** Given information follows **

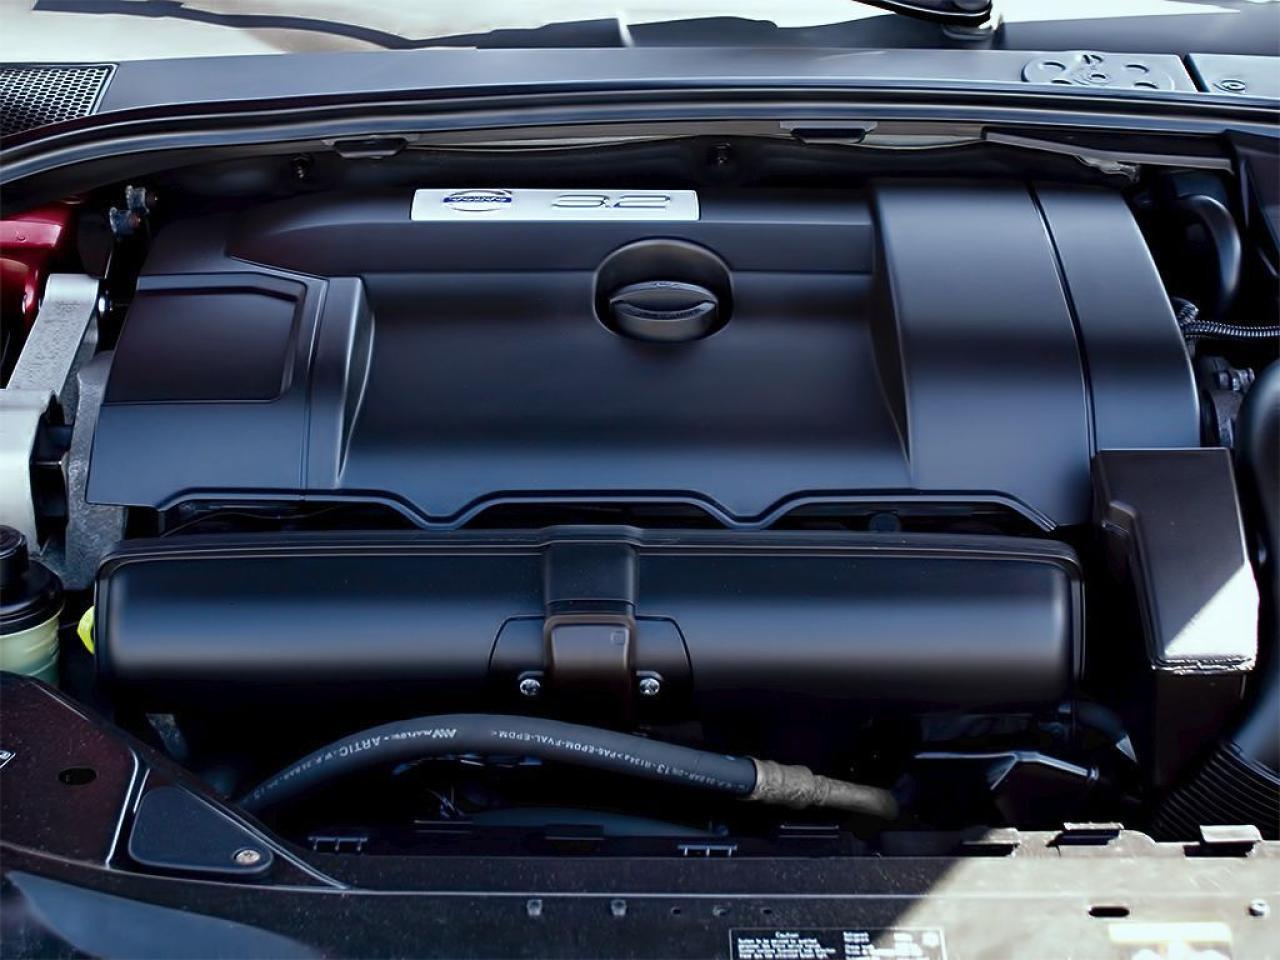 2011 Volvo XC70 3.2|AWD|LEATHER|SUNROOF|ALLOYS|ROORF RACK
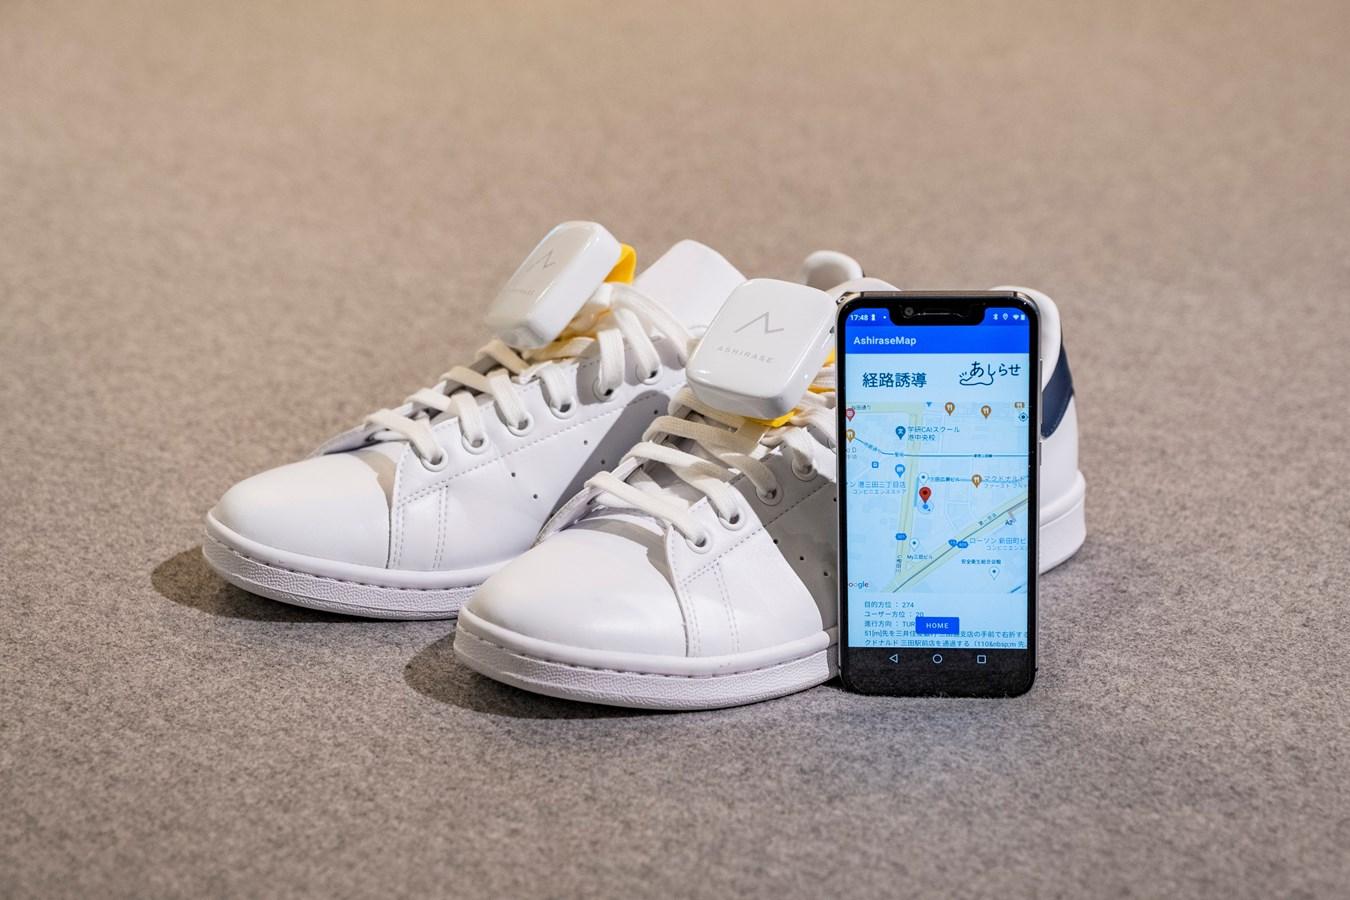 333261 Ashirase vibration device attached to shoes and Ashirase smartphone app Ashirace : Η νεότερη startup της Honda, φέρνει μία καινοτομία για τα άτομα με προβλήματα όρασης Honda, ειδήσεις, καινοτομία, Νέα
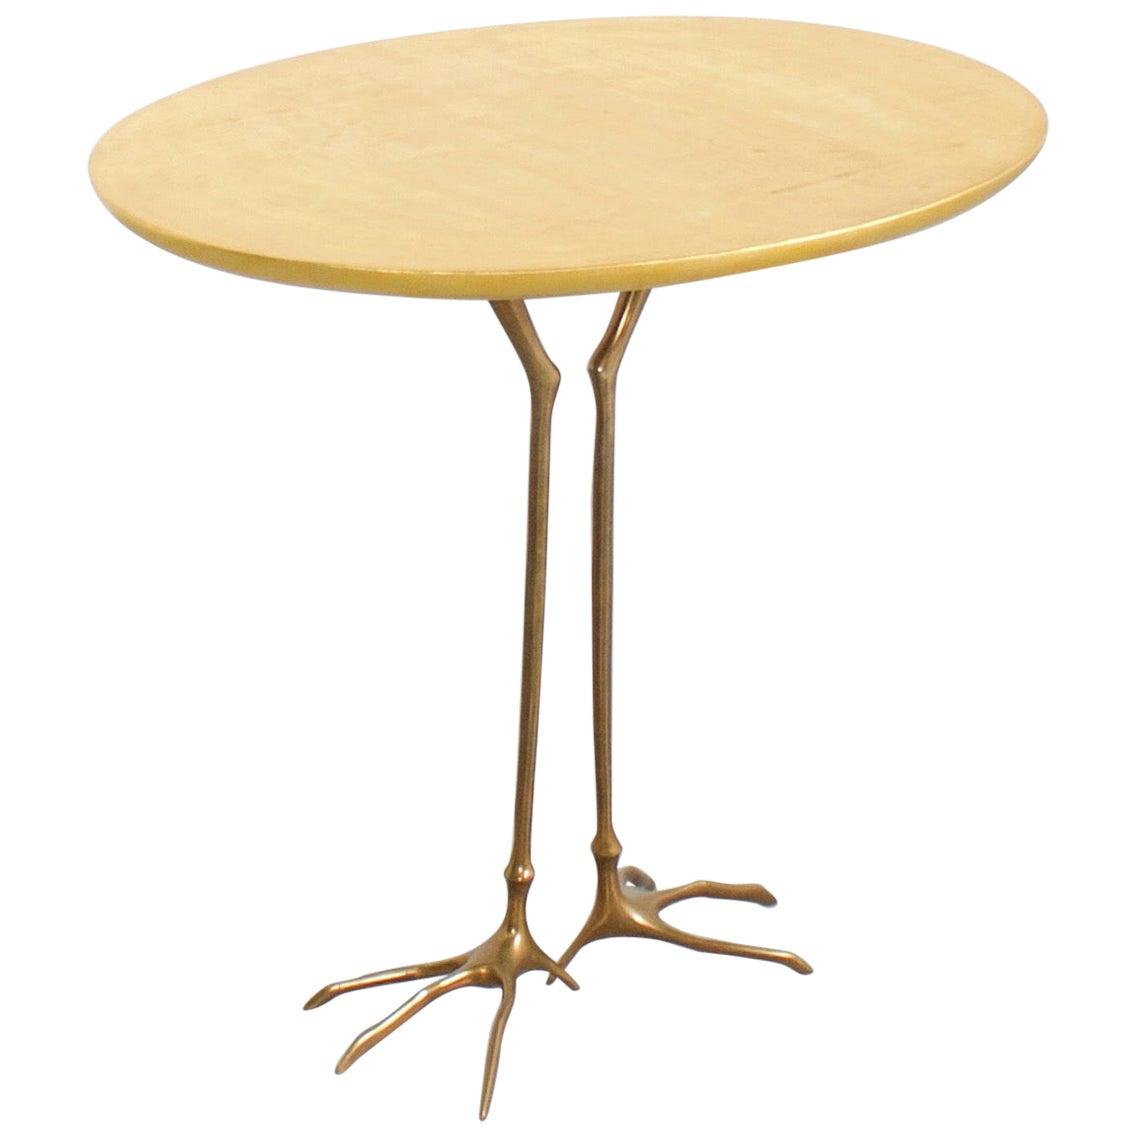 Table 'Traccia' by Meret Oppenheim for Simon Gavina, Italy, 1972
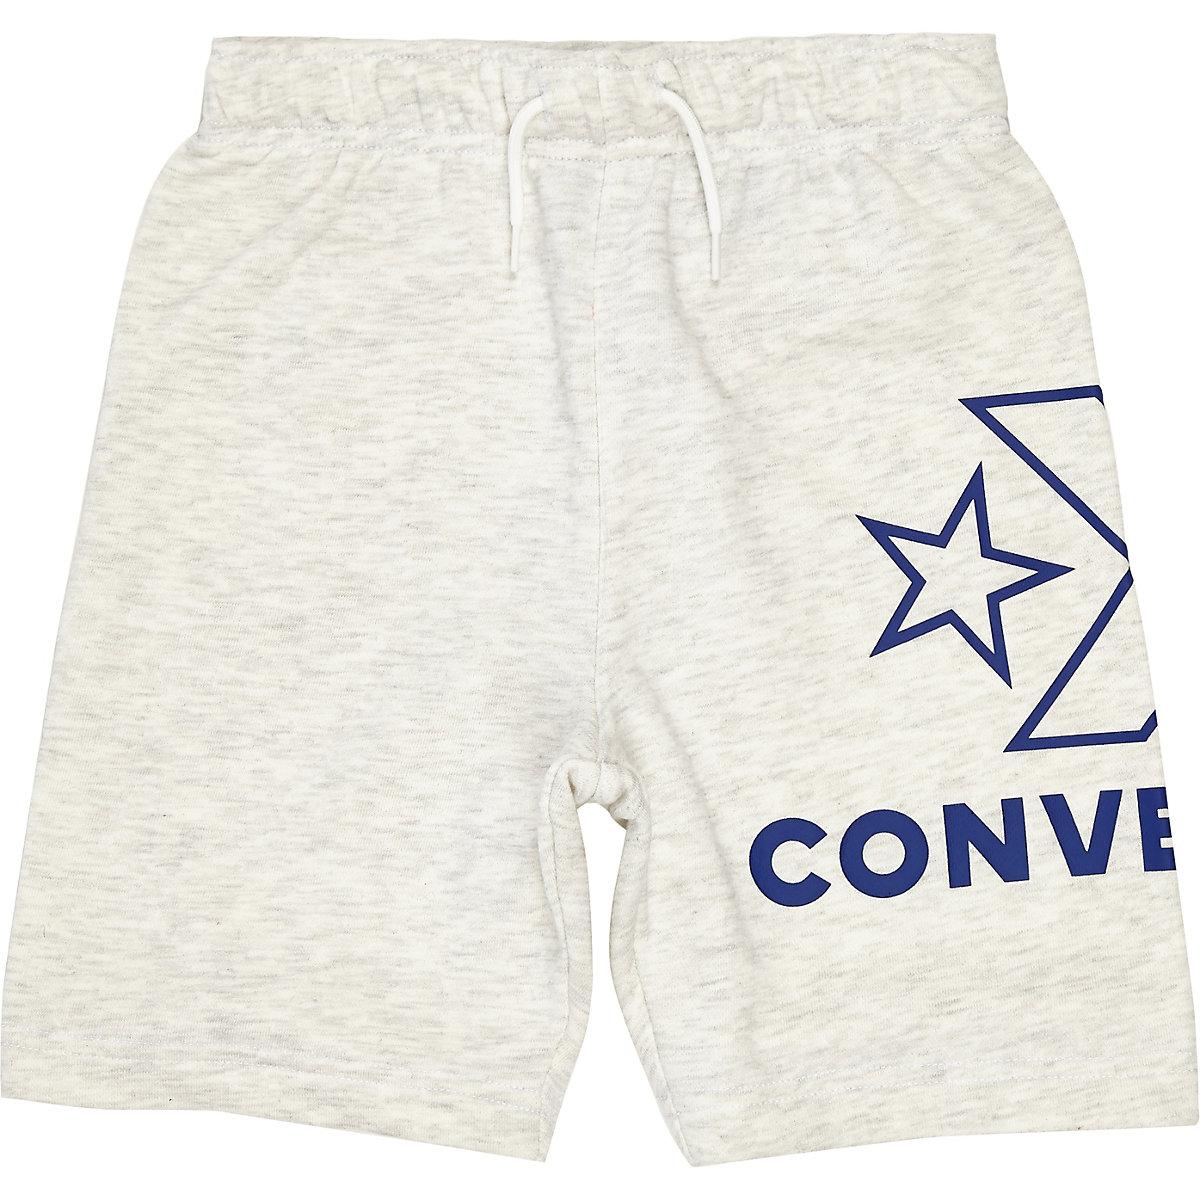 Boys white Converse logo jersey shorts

** End of Given information **

Aim of the task
Only the lines from the one containing "333261 Ashirase vibration" through the final line of the data should be given again, exactly and without pictures.

Completed task
 333261 Ashirase vibration device attached to shoes and Ashirase smartphone app Ashirace : Η νεότερη startup της Honda, φέρνει μία καινοτομία για τα άτομα με προβλήματα όρασης Honda, ειδήσεις, καινοτομία, Νέα
 Table 'Traccia' by Meret Oppenheim for Simon Gavina, Italy, 1972
 Boys white Converse logo jersey shorts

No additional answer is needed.